No variable explorer or call stack when debugging

Hello,

I’m getting some unexpected behavior when debugging with gdb and the Modern Fortran plugin. Admittedly, I’m a very new gfortran/gcc/gdb user, so it’s possible that I’m just using something incorrectly. Still, any guidance would be very much appreciated.

I’m trying to debug the pw.x program in the QuantumESPRESSO suite. The pwscf.f90 file that is the main entry point for the pw.x program lies in /PW/src directory in the repo. But the build process links pw.x with many libraries built from files lying outside /PW/src, such as /Modules.

When I set a breakpoint in a file lying within /PW/src, everything works as expected: when the breakpoint is hit, VSCode automatically opens the file, highlights the breakpoint line in yellow, and displays the variables and call stack in the debug panel. Additionally, in the debug console, I can see a message from gdb informing me that the breakpoint has been hit.

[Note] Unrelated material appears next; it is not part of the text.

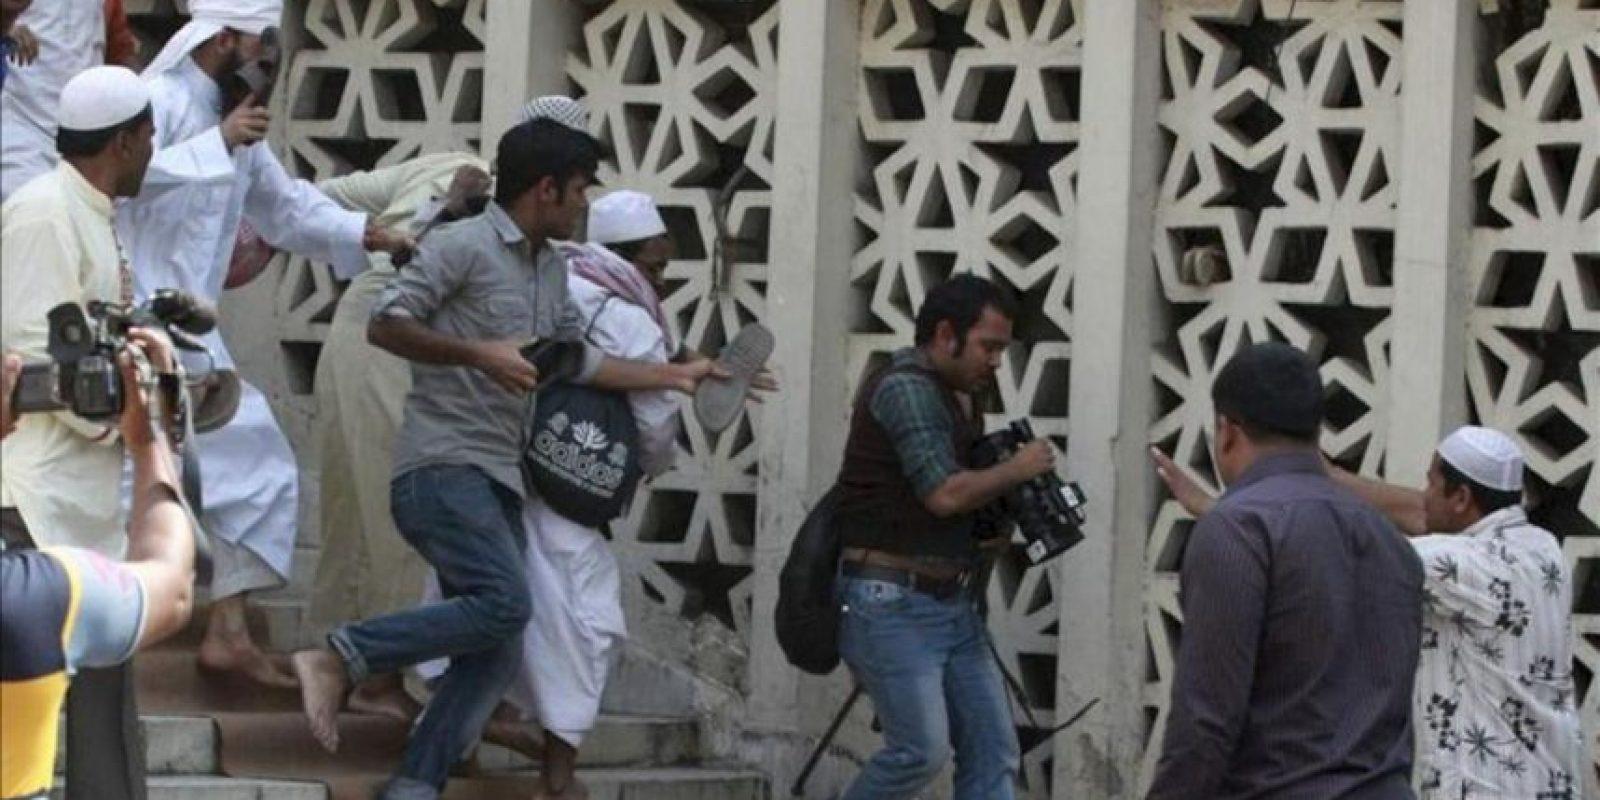 Activistas islámicos agreden a periodistas durante unos disturbios con la policía en los arededores de la mezquita nacional de Baitul Mukarram en Dacca (Bangladesh) hoy, viernes 22 de febrero de 2013. EFE

However, when I set a breakpoint in a file lying in a directory other than /PW/src, (such as /Modules) I get unexpected behavior. VSCode doesn’t open the file or highlight the breakpoint line in yellow, and neither the correct variables nor the correct call stack are displayed in the debug panel. However, I can see a message in the debug console informing me that the breakpoint has been hit.

Since I see in the debug console that the breakpoint is being hit, I’m assuming that the issue isn’t with the build process or with gdb, and instead is with the Fortran VSCode plugin. Or perhaps I’ve set something up incorrectly; that’s a very real possibility.

Any idea of what is going wrong here? Any help is much appreciated.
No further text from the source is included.